We need a new term for the devices many (if not most) of us carry around in our pockets. I have an iPhone, as do the other members of the family. Several times a day, I hear things like, “Has anyone seen my phone?” “There’s an alarm going off on your phone.” “Mom, you just got a message on your phone.” “Put your phones away, it’s not device time.” However, I can’t remember the last time I heard someone say, “I’m on a call,” or “you’re phone is ringing.” We use these devices constantly, but we rarely use them as phones in the classical sense.

Thinking about this, I checked the call history on my own phone. There are dozens of “missed” calls because I don’t answer calls from numbers I don’t recognize. In the month of September (it being the evening of September 30 as I write this) I made 4 calls from my phone. I received two calls from numbers that I recognized and answered. 6 calls in a month. Meanwhile, I use my “phone”constantly for reading email, text messages, as well as audio books, reading newspapers, keeping up with social media, and occasionally watching shows like the new Foundation series on Apple TV+, or Ted Lasso.

The “reading” screen on my “phone.”

As someone who spans the digital divide, a phone, to me, is the thing on the wall in the kitchen with the cord that always gets tangled and can never be untangled, though which you talk to friends and family at a distance. For my kids, a phone is where you watch YouTube videos and from which you make TikTok videos, as well as play Minecraft or Roblox. It seems to me, we need a new name, something that better represents what this device is.

Sometime in the late 1990s (I think) someone coined the term “personal digital assistant”, or PDA for short. Unfortunately, PDA became a popular shortening of “public display of affection” which makes it an awkward candidate for an alternate name for a phone.

“Smart” phone is frequently used. I see references to smart phone everywhere, but this doesn’t work for me because it seems patently silly. The phone is not smart. It may make its users seem smart, but let’s not kid anyone that it is the phone that is smart. Then, too, “smart phone” still refers to “phone” which is the thing I am trying to avoid.

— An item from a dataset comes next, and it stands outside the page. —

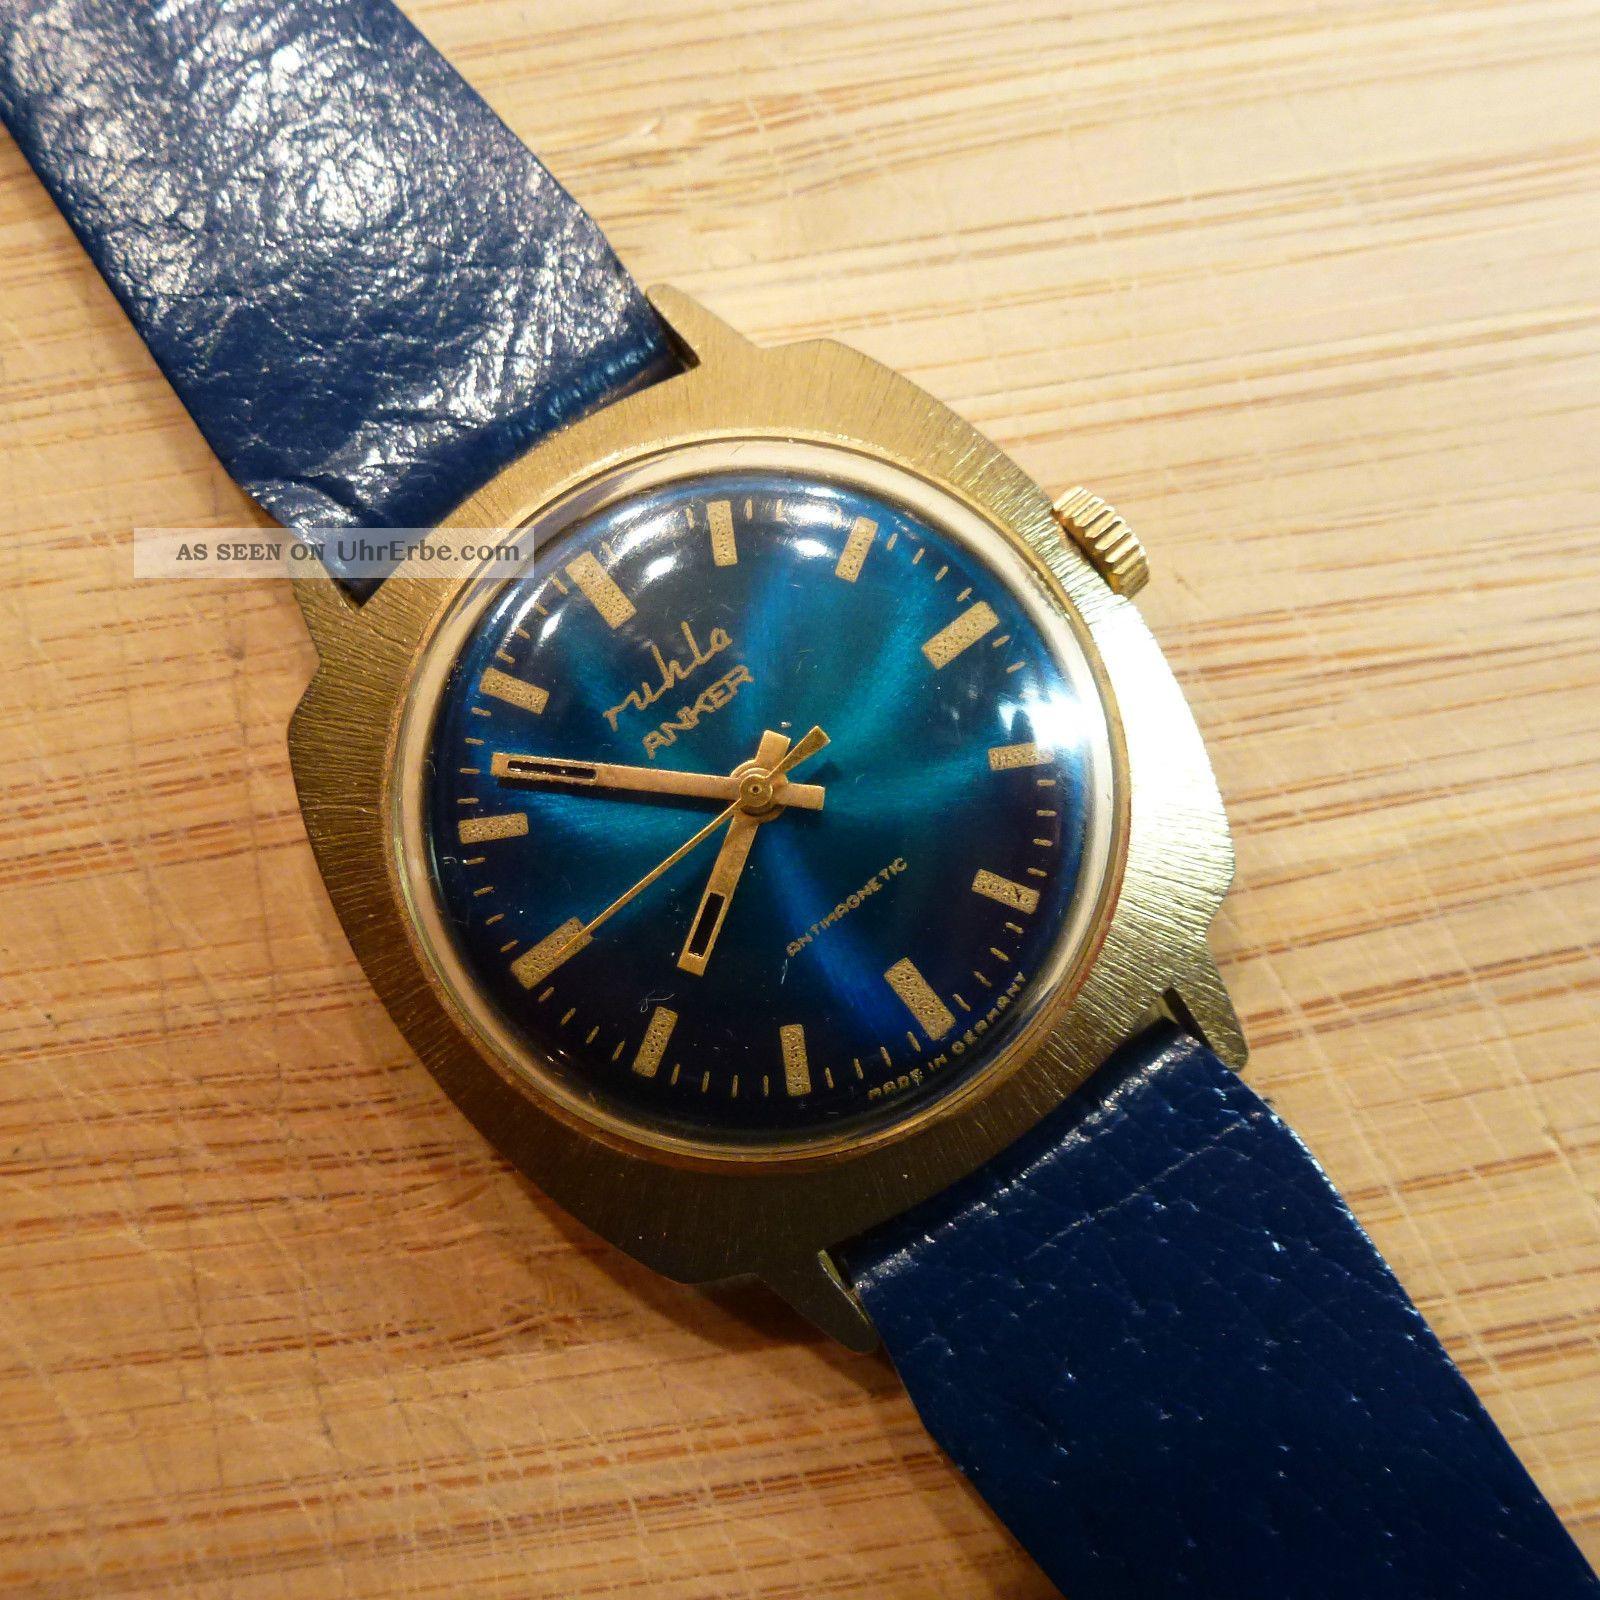 Ruhla Anker Herrenuhr Mechanisch Handaufzug Armbanduhr Uhr Sammler Ddr Gdr Armbanduhren Bild

Taking some inspiration from the science fiction world, “brain pal” came to mind. Brain pal, of course, comes from Old Man’s War by John Scalzi. For something I carry around in my pocket, however, brain pal doesn’t seem to fit all that well.

What about “computer”? After all, a phone really is just a computer, all miniaturized down into a hand-sized package? These days, however, phones often do more than computers. The take photos and videos; they have all kinds of biometric capabilities. They can detect changes in surroundings, can identify their location on the globe, and even their altitude above or below sea-level. “Computer” seems a little too mundane.

When all is said and done, “phone” is likely the best we can do, and I suppose we are stuck with it. Rather than change the term, we just have to understand that the meaning has evolved, and we need to evolve along with it. We did it with albums. An album used to to be a record, a flat disk that you played with a needle on a turntable. Albums had tracks that ran around them and represented individual songs. We still use the term “album” although we usually don’t mean the disk, and we use the term “track” to mean a digitally stored piece of music. Those terms have evolved into what they are today and are commonly accepted. I guess I’ll need to do the same for “phone.”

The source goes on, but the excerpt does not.